I am the screaming girl. She is me, I am her. We are one.
I'm trapped in a world of forged security, haunted by my mistakes and tied down by the lies I've told. The story of my life is told so vaguely in these short words. See if you can figure me out.
Each action is an emotion, each description represents something entirely different. A puzzle of the mind, a representation.
The Screaming Mind
The only way to see inside is a window; a tiny window with frosted glass that sparkles, blinding anyone that dares to take a glimpse inside. An ever-bound door is in the exact centre at the front – it can never be unlocked, not even for the closest of friends. It is the sole entry, the lone exit.
Each room is filled with a thousand spider webs, but no eight-legged creature is to be found. They glisten in the darkness, fixed tightly to the central bulb that never lights, hiding a maze of lies that cannot be escaped as they wrap around each corner of the room.
In one of the large, shadowy rooms is a television screen. It’s huge, grey, and the tingling sounds of static echo from its blank display. Edging forwards, I press down on the button softly, snatching my shaking hand away as it recoils upwards. Flickering, the screen comes to life, casting eerie shadows across the white walls that are lines with photograph frames, some empty, some not.
Cross-legged, I sit on the dusty floorboards and wait for pictures to appear in front of me. I’m so close to the television that my eyes become blurry from each tiny pixel that makes up the images.
And so the sorrowful story begins with the glossy-eyed girl and her orderly life. Her pale face unfolds a cage of perfection, a path that never winds. No change in direction is ever taken. Each twist in the plot has the changing emotions of a piano-played song. The visual biography has the violent edge of a stormy sea mixed with the flowing tranquillity of a river with no meanders.
Tears fill my tired eyes as I watch each mistake, each lie and each failure flash before me, teasing the angry sadness threatening to escape. The girl on the screen screams so loudly – the first sounds of the video and I can not help but do the same. Strangled cries echo off each wall as the picture frames smash and the photographs fall through the cracks in the old floorboards.

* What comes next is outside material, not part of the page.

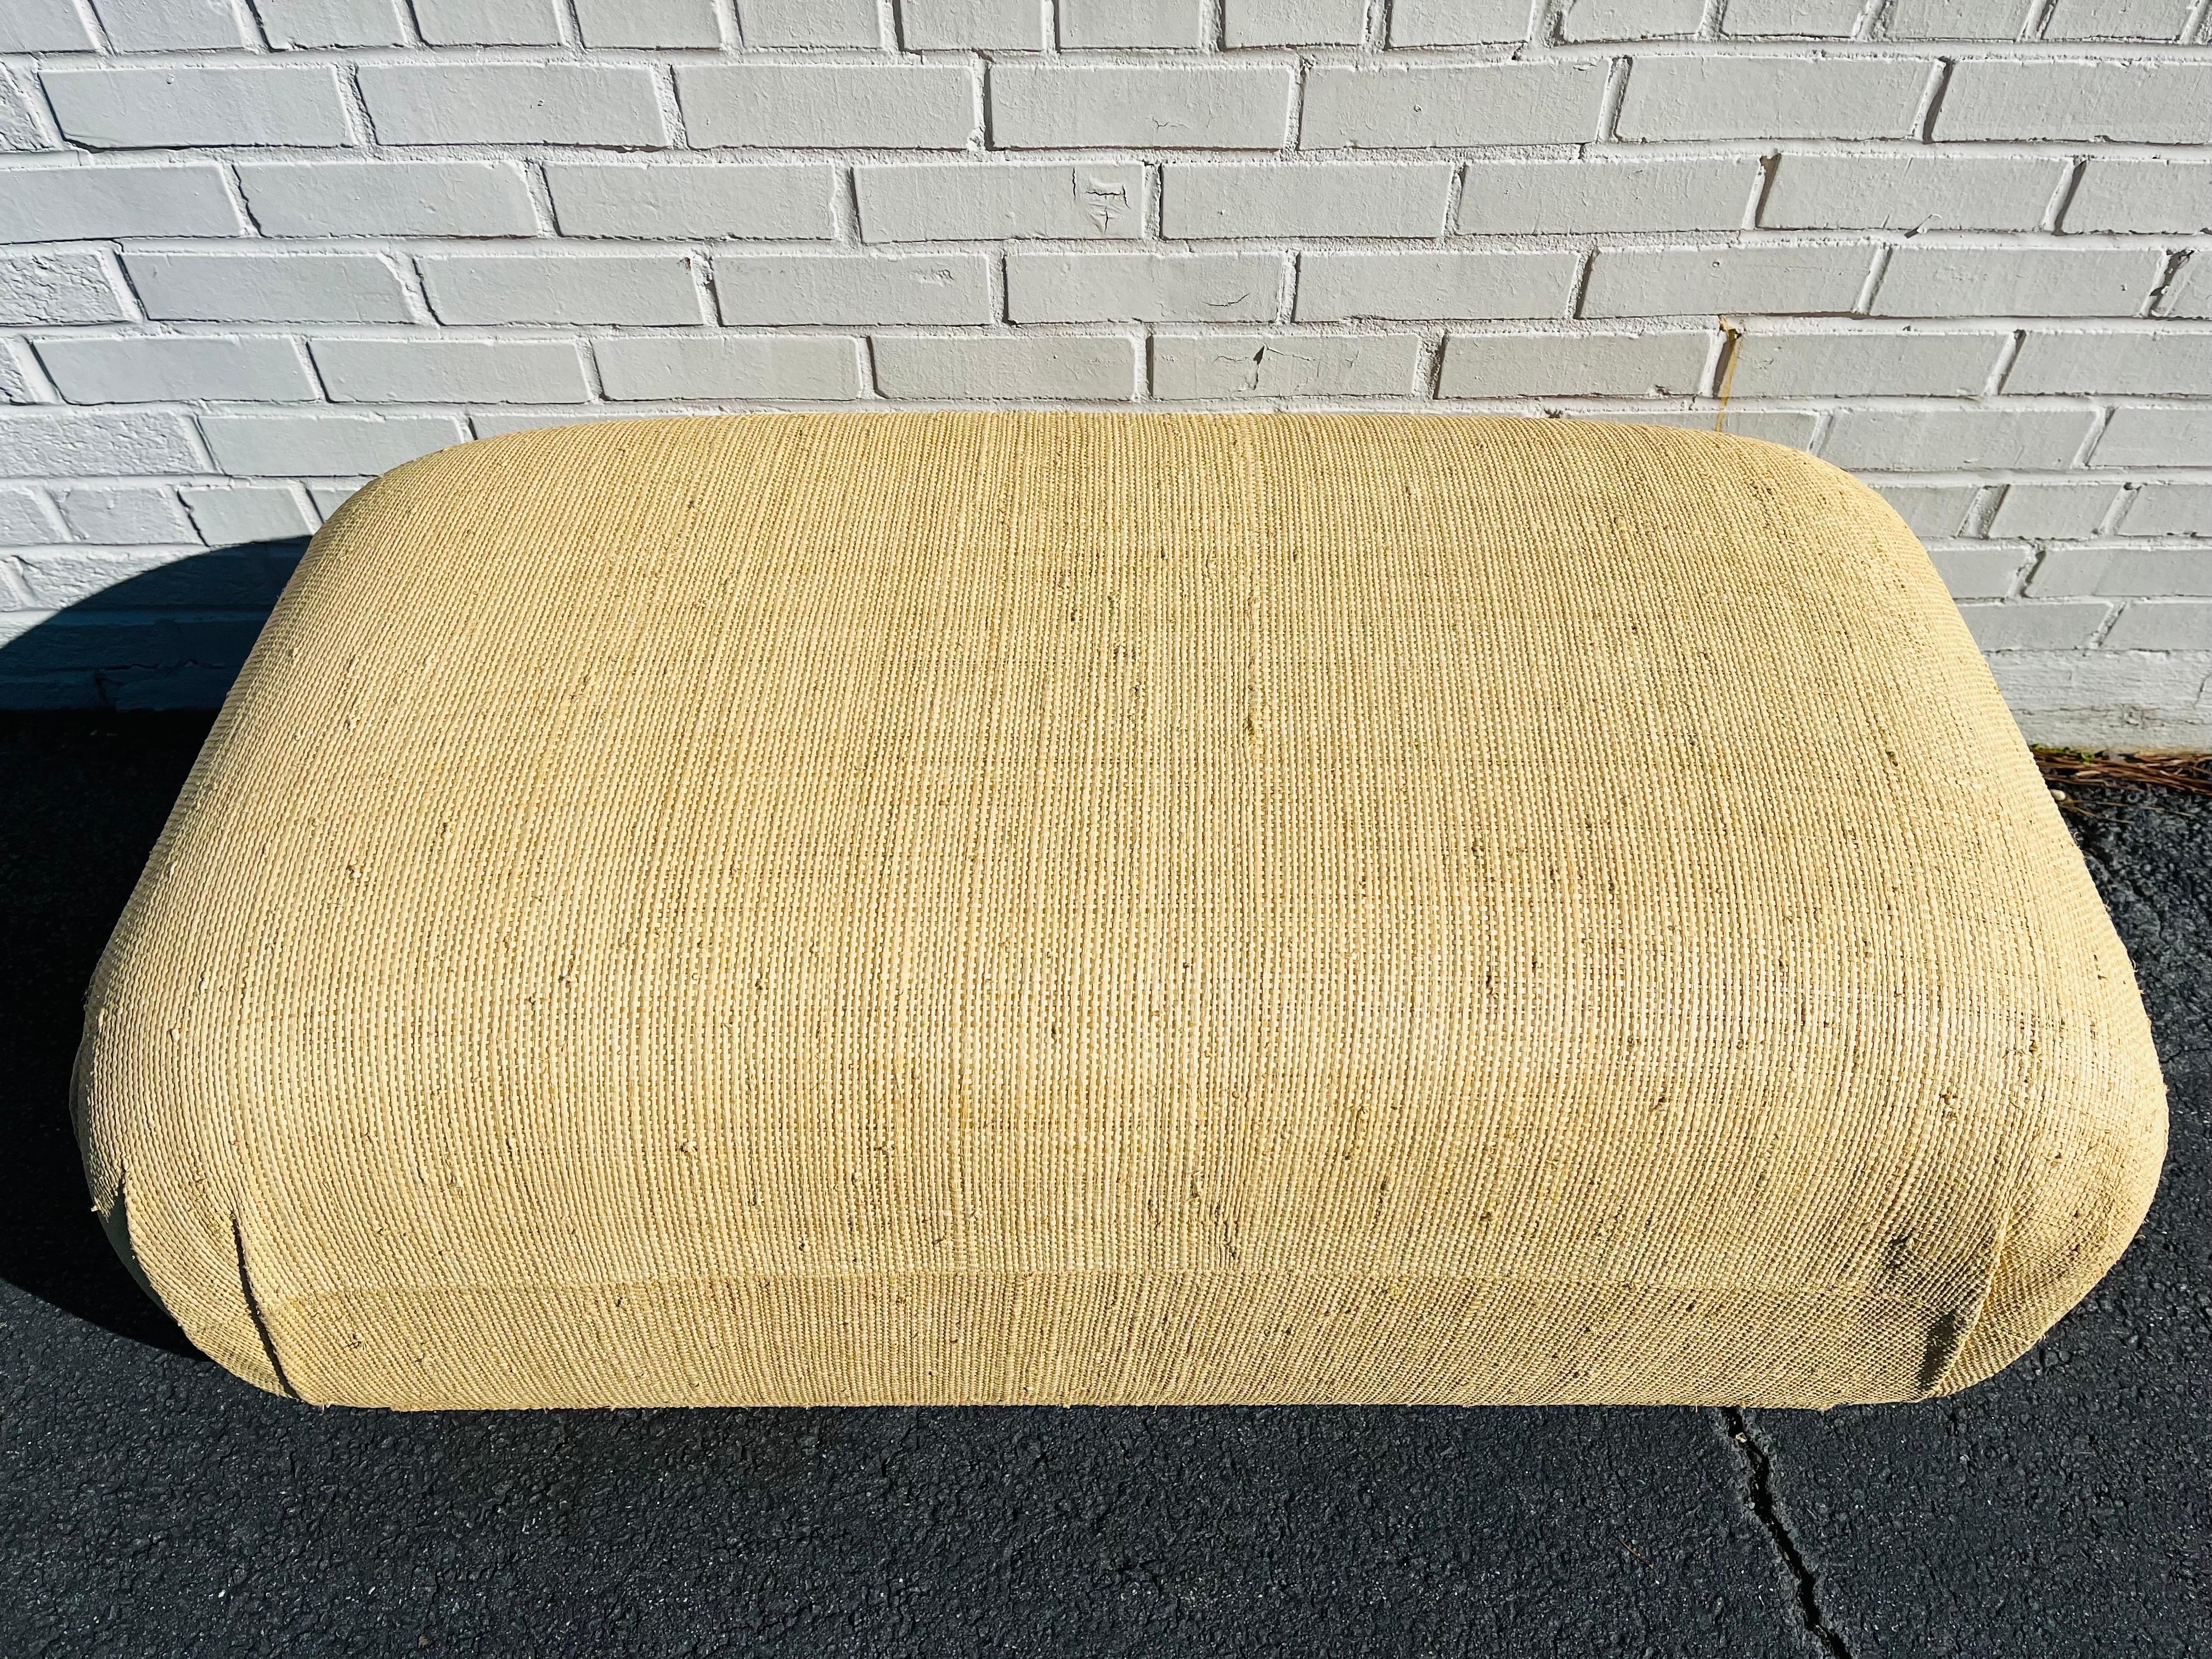 20th Century Contemporary Springer Style Grasscloth Upholstered Large Pouf Souffle Ottoman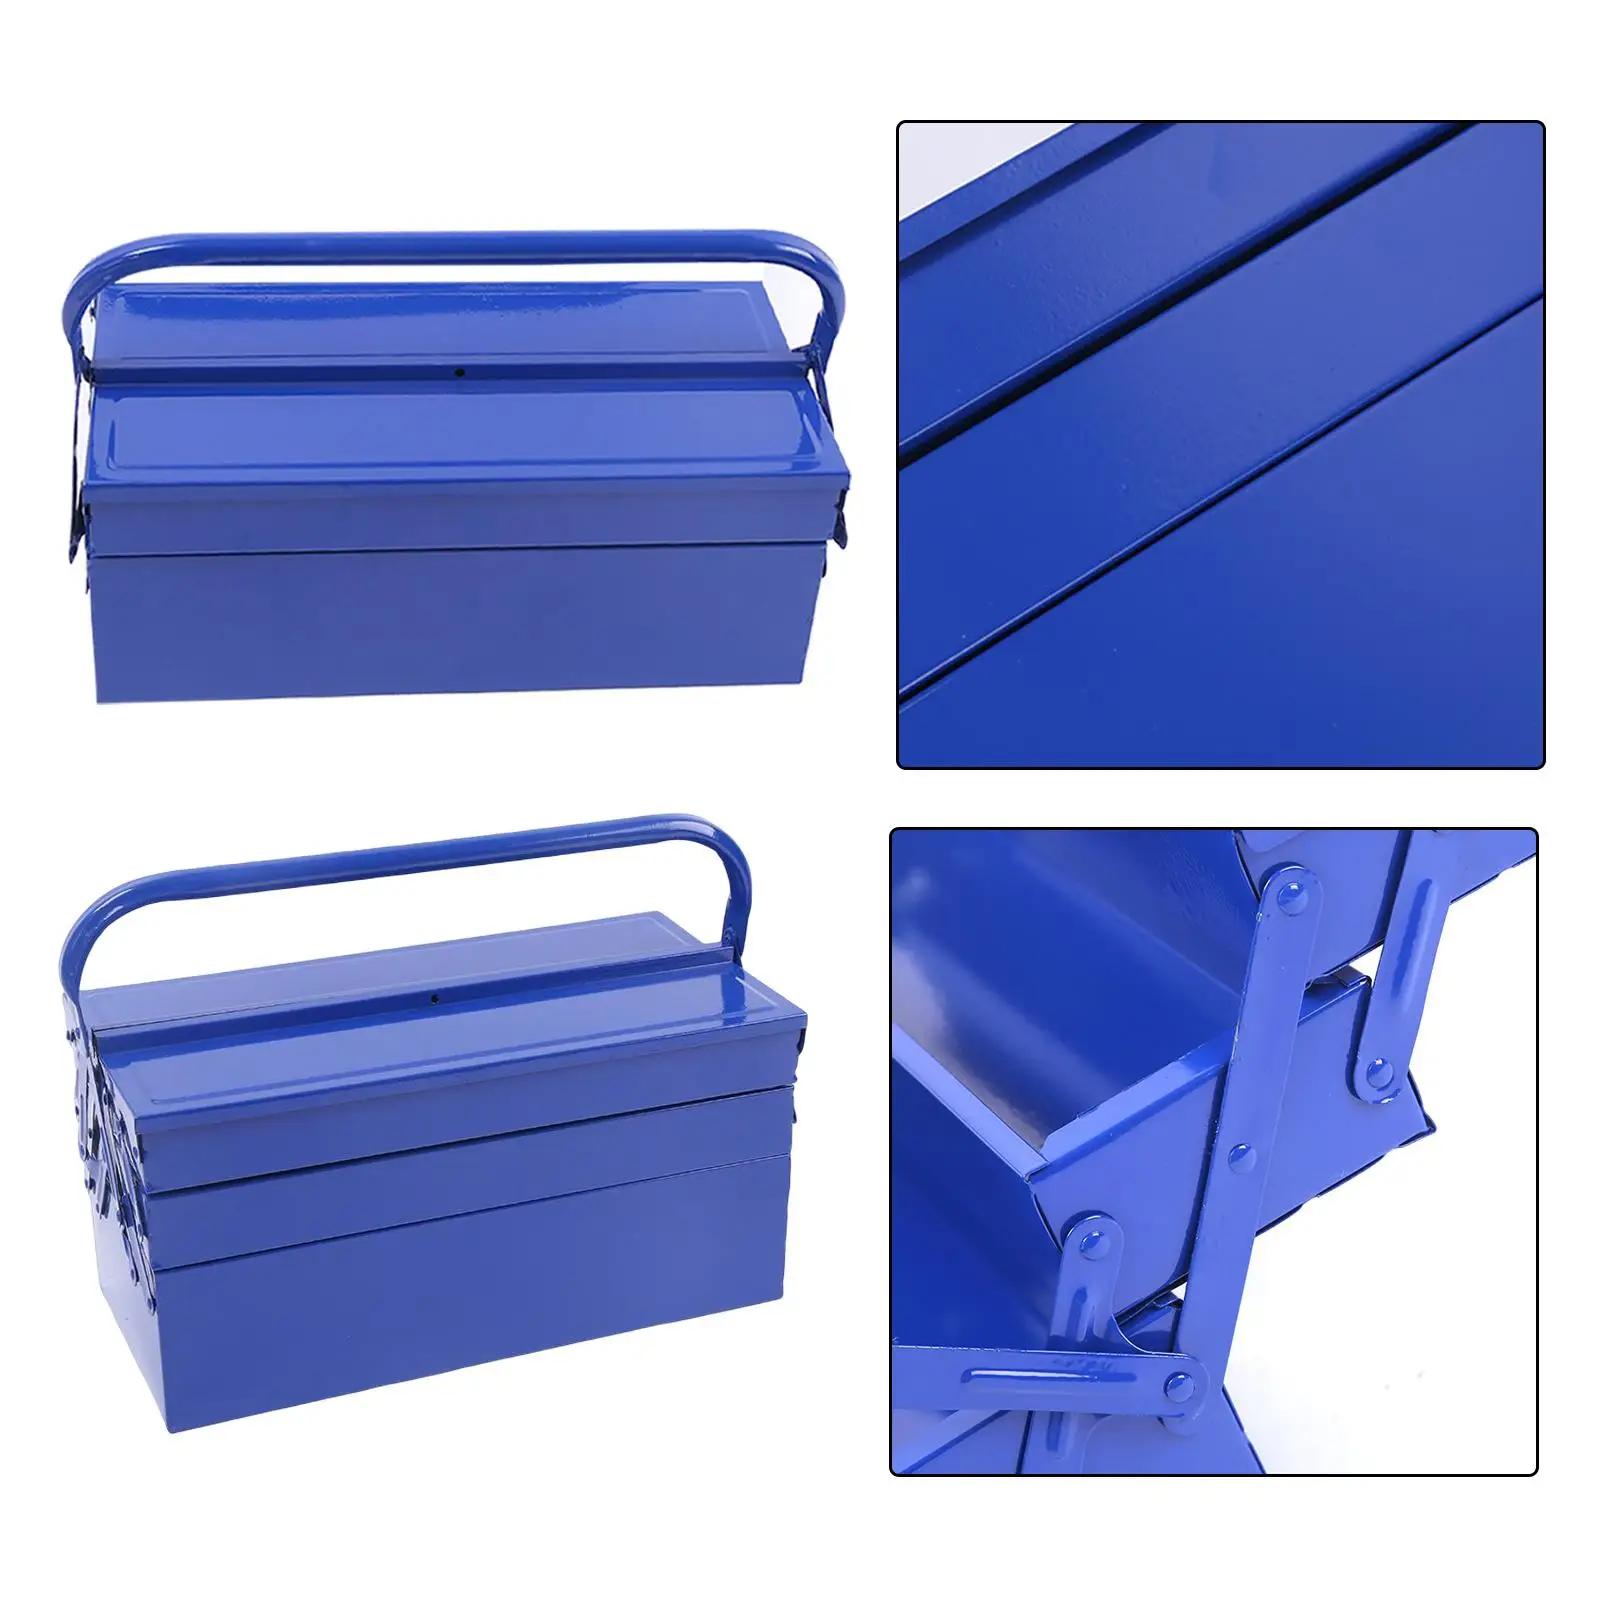 Portable Tool Box Durable with Handle Screw and Nuts Compartment Tray Drawer Repair Tool Storage Case for Garage Trunk

I have to get away. My anxious feet carry me away from the torture chamber, pulling me up the narrow, creaking staircase and far from the pain. Slamming behind me, a door closes, locking me into a room of nothing except a single bed, positioned in the corner. It’s the only colour in the room with its red sheets and thick duvet.
However even in dreams I cannot escape the story of the glossy-eyed girl as she creeps slyly into them, forcing my imagination to think the world is collapsing around my very self. The light bulb down stairs shatters with a shiver-worthy crack, taking down the spider webs with it, the lies collapsing.
My heart pounds violently as I wake and run back down to the television room, the girl still screaming on the screen of horror. Covering my ears, I see that it isn’t real. The bulb is still intact, and with it my security.
A sigh of relief escapes my cold lips as I collapse to the floor in my reprieve. My cage is still safe, still kindly unbroken. Even the terrifying screams are blocked by my skilled ears so that I cannot hear them – I’ve abandoned them. Eventually, I tune them out so powerfully that the television turns itself off, replacing the picture with a blank, colourless screen.
Each photograph is restored to its original place as they rise slowly through the cracks as I put the pieces back together. The faces in them put a faint smile on my face which is taken away quickly by the memories that swirl around my fragile mind.
Light glimmers from the central bulb before returning the room to its usual darkness. Its rejection to brighten darkens my emotions once more as I find myself climbing the stairs, each one a hurdle to overcome before I can reach my destination.
The red sheets beckon my presence as I get closer and closer, avoiding the obstacles that lie in my path, not wanting to attack any of them head on. Sitting on the lumpy mattress, my breathing steadies.
“This is my mind,” I whisper, filling the silence with the hoarse sound of my voice. “This is my house. I decide what happens. So why trap me in such a woeful paradise?” The screaming girl answers my frantic words as her heart-wrenching tone reaches every single room. She is me, I am her. We are one.